Капитан прошел в середину. Там была установлена прочная стальная решетка, за ней глухая дверь. Проверяющий осмотрел пломбу. Не оборачиваясь, спросил:
– Ключ от двери?
– Здесь, здесь. У меня.
Начальник вагонохранилища вытянул из-под гимнастерки цепочку, на которой висел ключ.
– Смотрю я на вас, господин капитан, и удивляюсь. Всё разваливается к черту, а вам хоть бы что. Если мы еще как-то держимся, то из-за таких, как вы. Вопрос, надо ли держаться? Может, пускай лучше всё уже развалится?
Капитан отрезал:
– Лирика. А мы люди военные. С Новым годом вас.
– И вас туда же, – пробурчал подпоручик. Снова сел в ту же позу.
Точно так же очкастый обошел еще несколько вагонов. Перед каждым стоял постовой, внутри дежурил офицер. Один из них лыка не вязал.
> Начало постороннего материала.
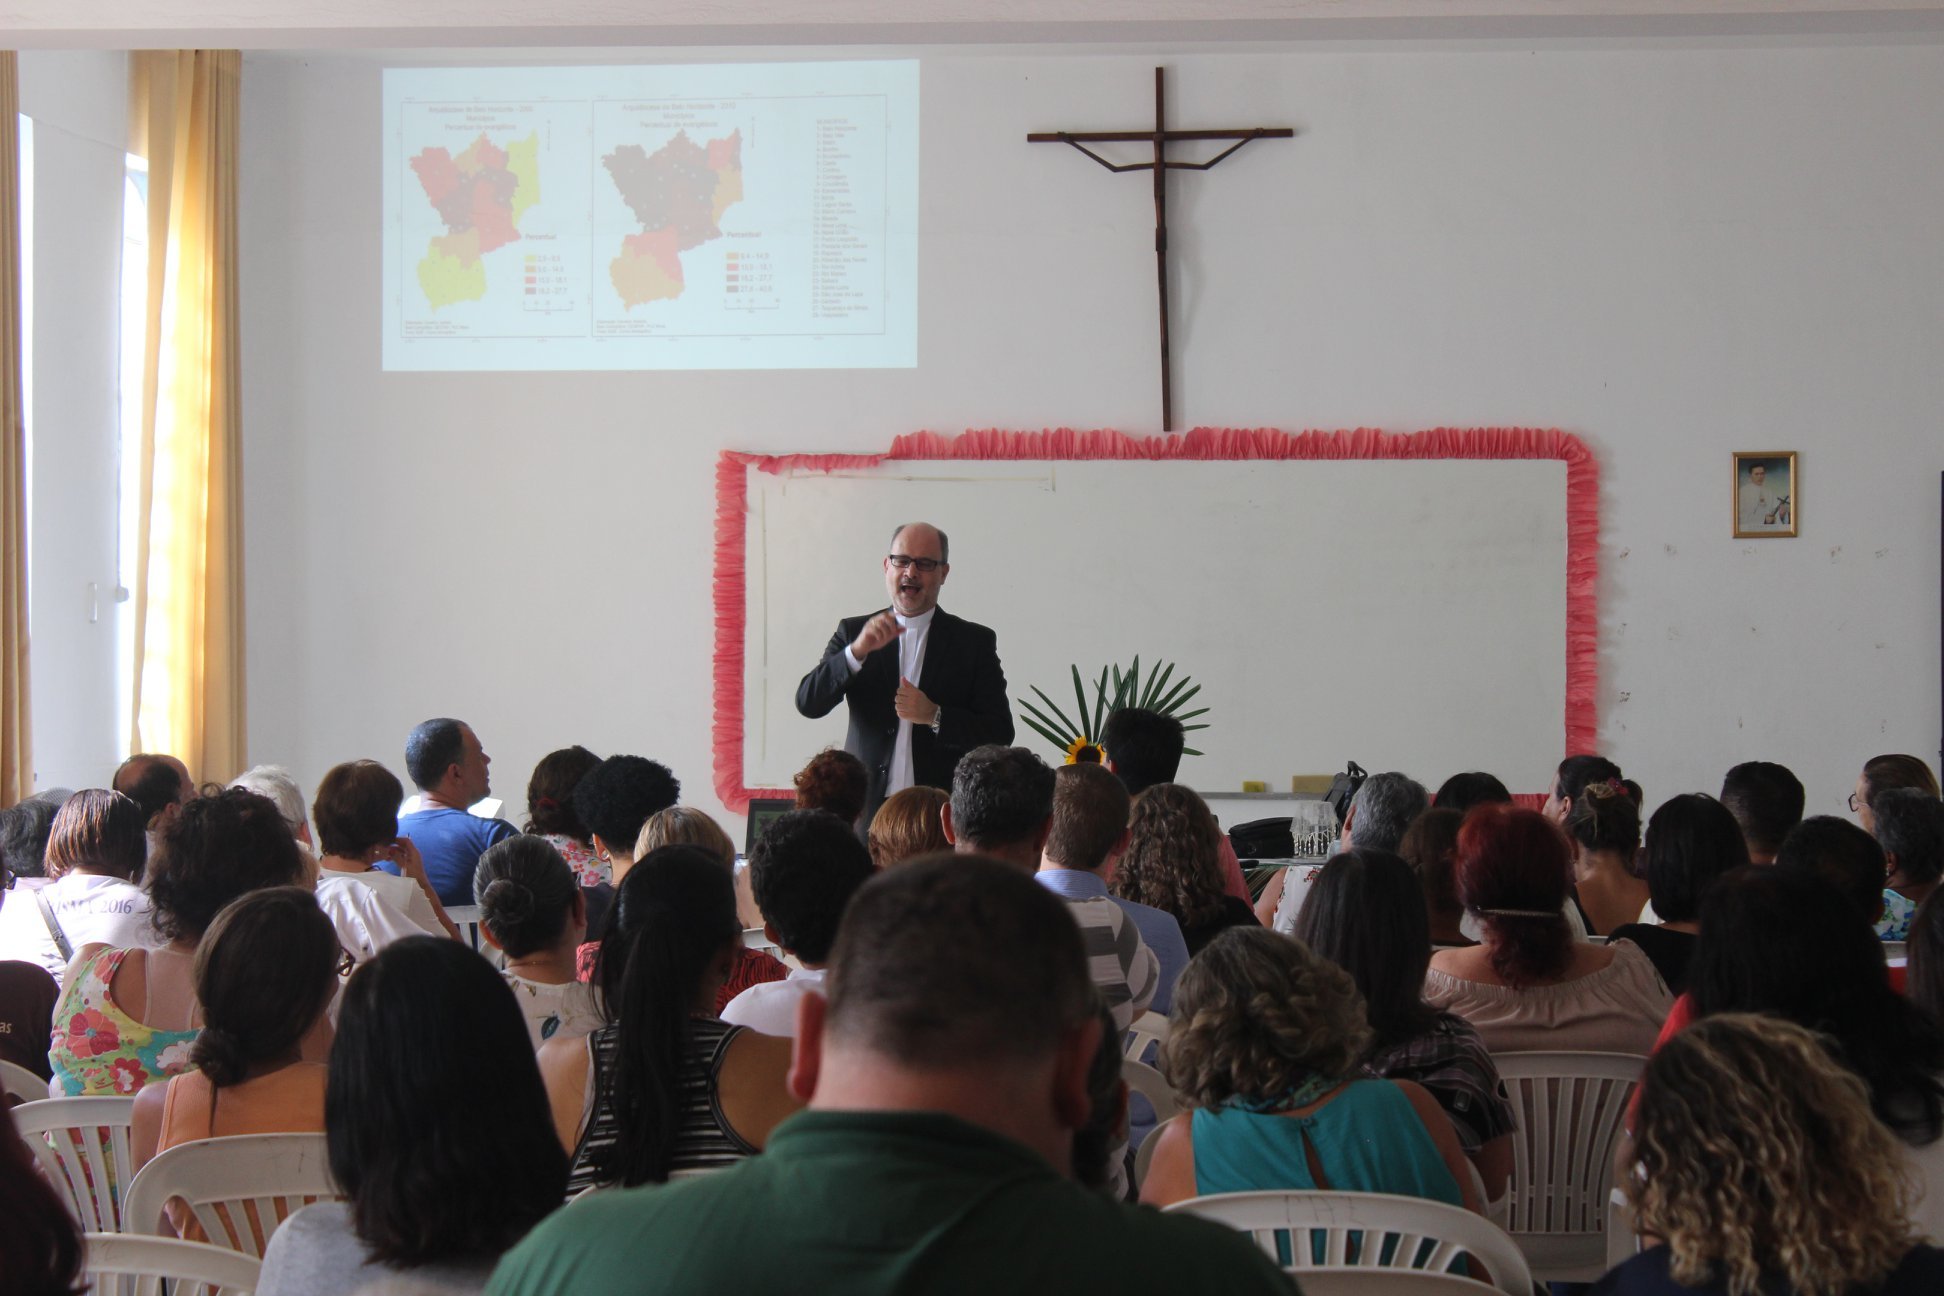 Rense: Fórum Missionário das Vilas e Favelas reúne grupo para manhã de formação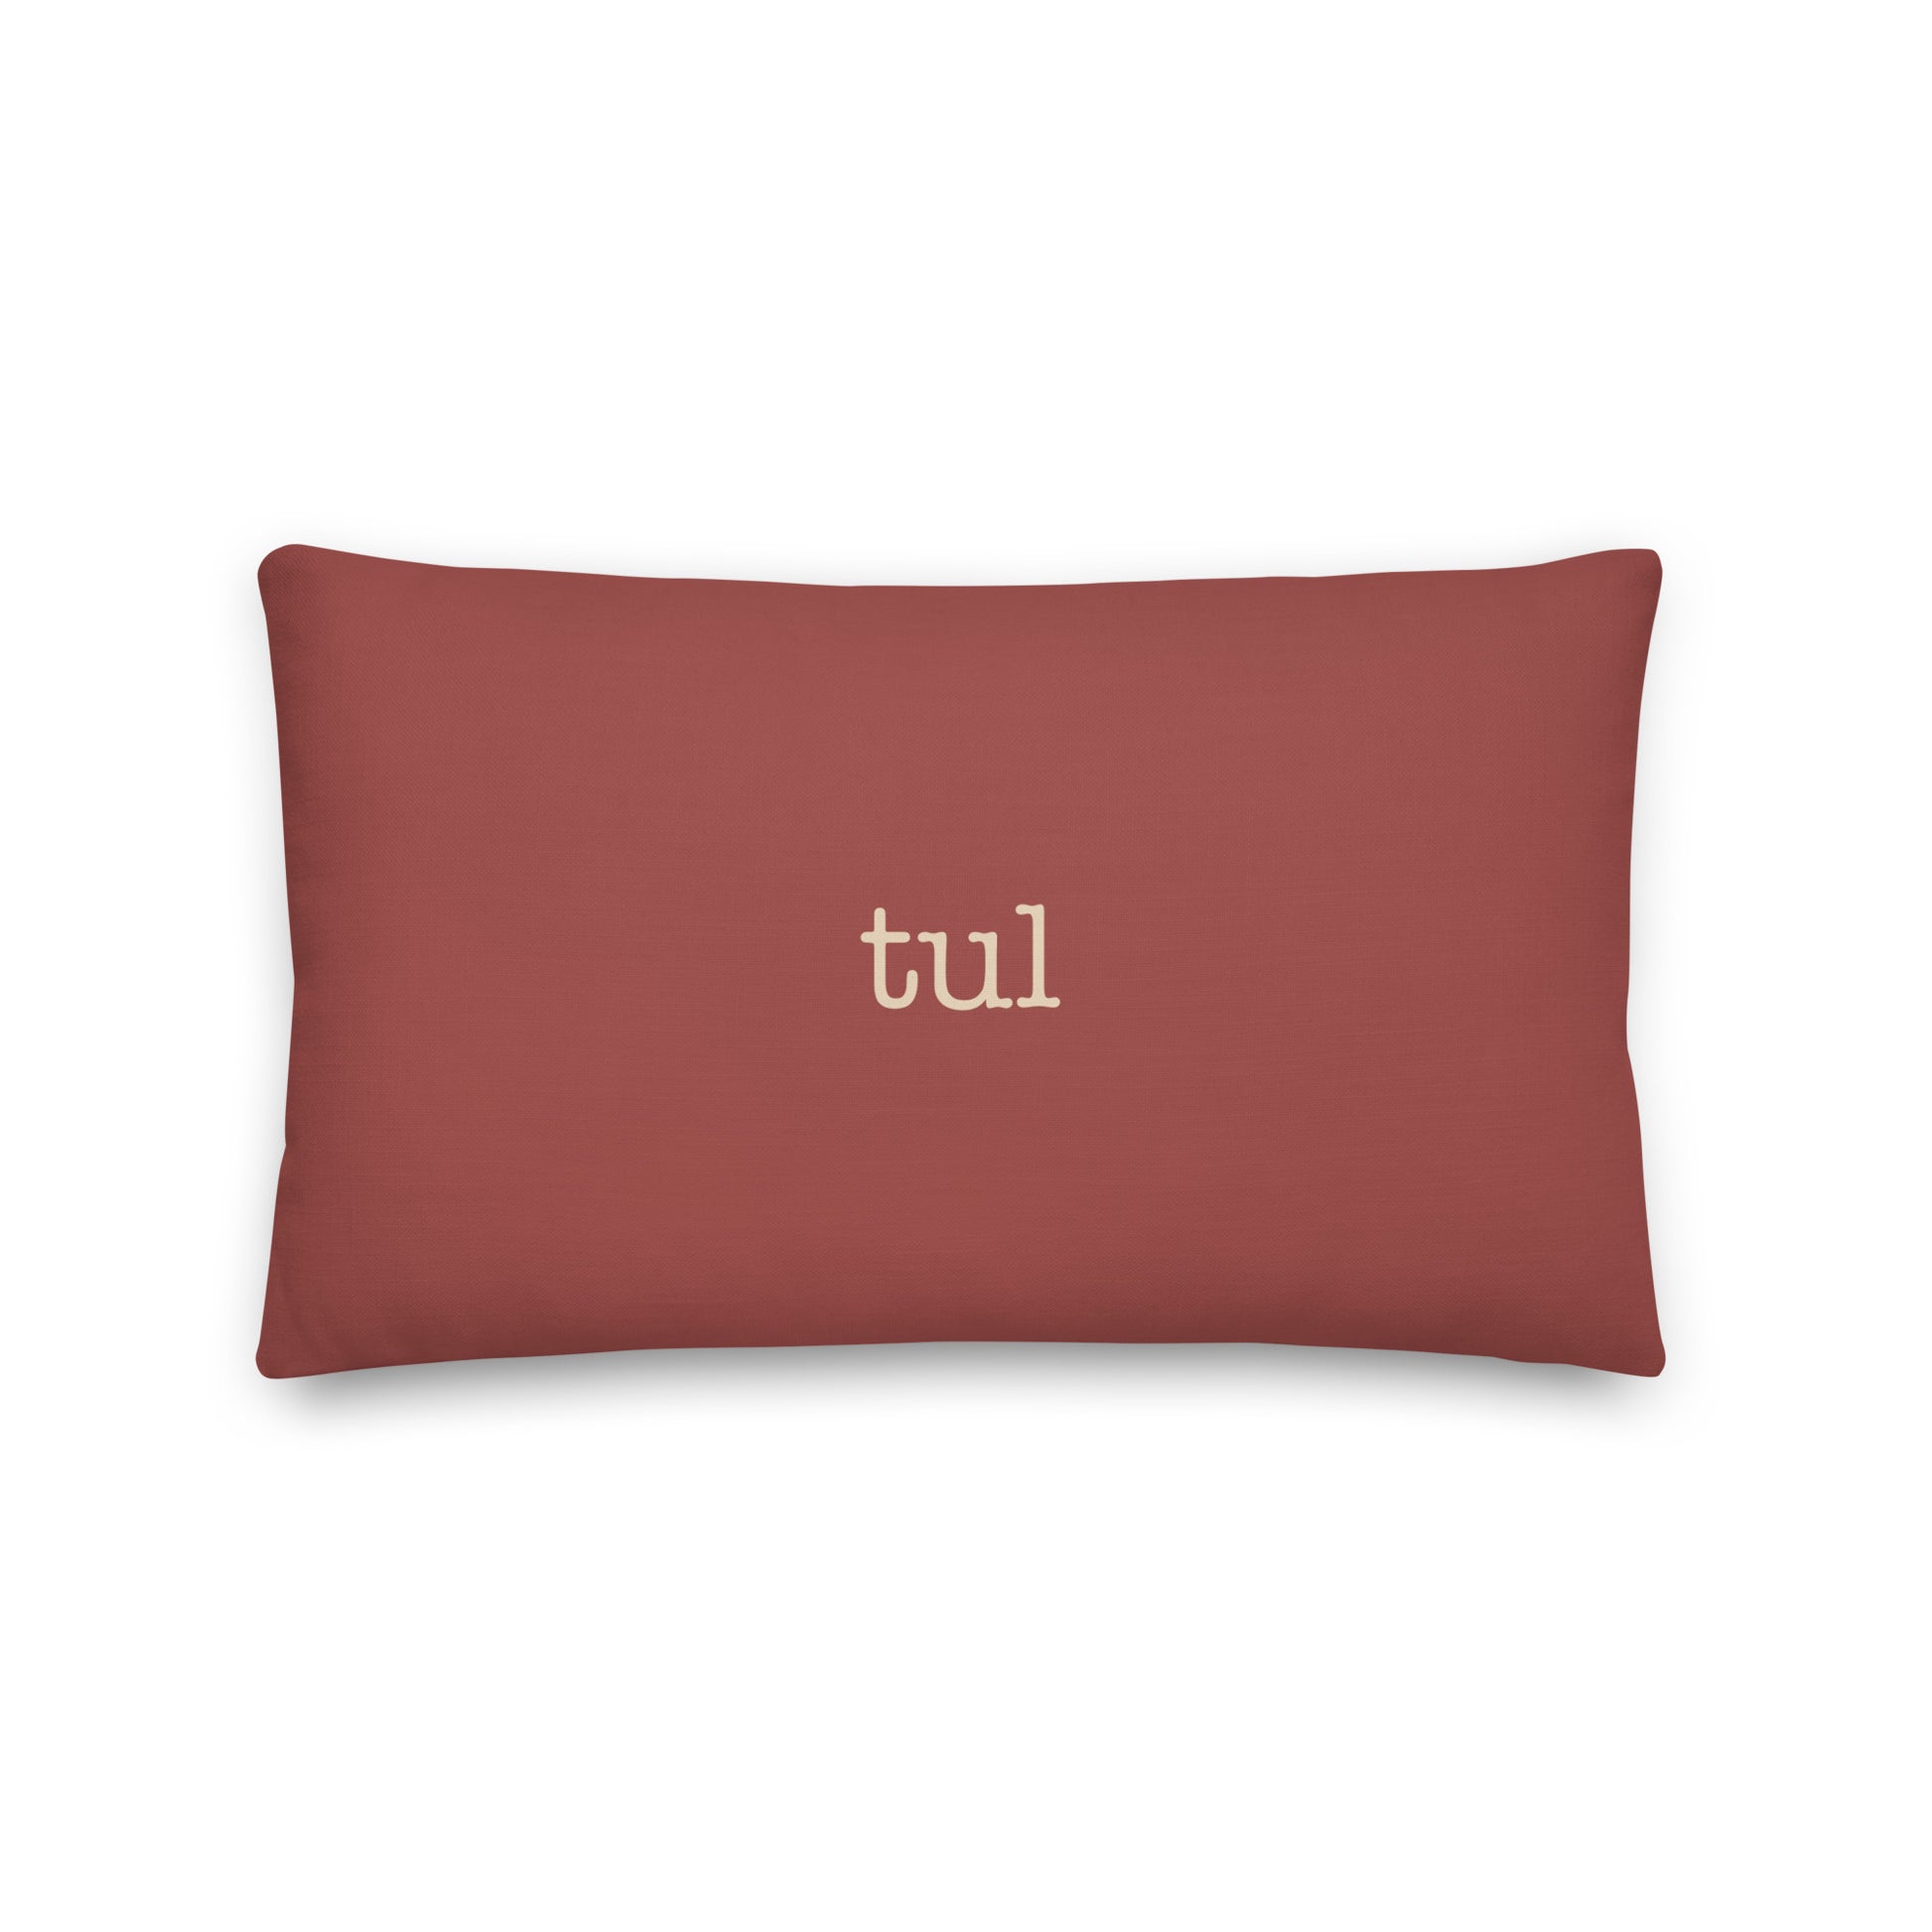 Typewriter Pillow - Terra Cotta • TUL Tulsa • YHM Designs - Image 02

Сменить его было некем, поэтому Лахов временно изъял у него ключ от двери хранилища и устроил нарушителю дисциплины выволочку.
– Чего ждать от нижних чинов, если вы подаете такой пример! Стыдитесь!
Поручик покачивался, смотрел на контролера мутно.
– Хотите застрелюсь? – сказал он, то ли издеваясь, то ли всерьез. – Все одно конец.
Капитан плюнул и вышел.
У следующего вагона приседал-приплясывал не солдат с винтовкой, а унтер в добротном полушубке. Правый рукав был пустой, просунут под ремень портупеи.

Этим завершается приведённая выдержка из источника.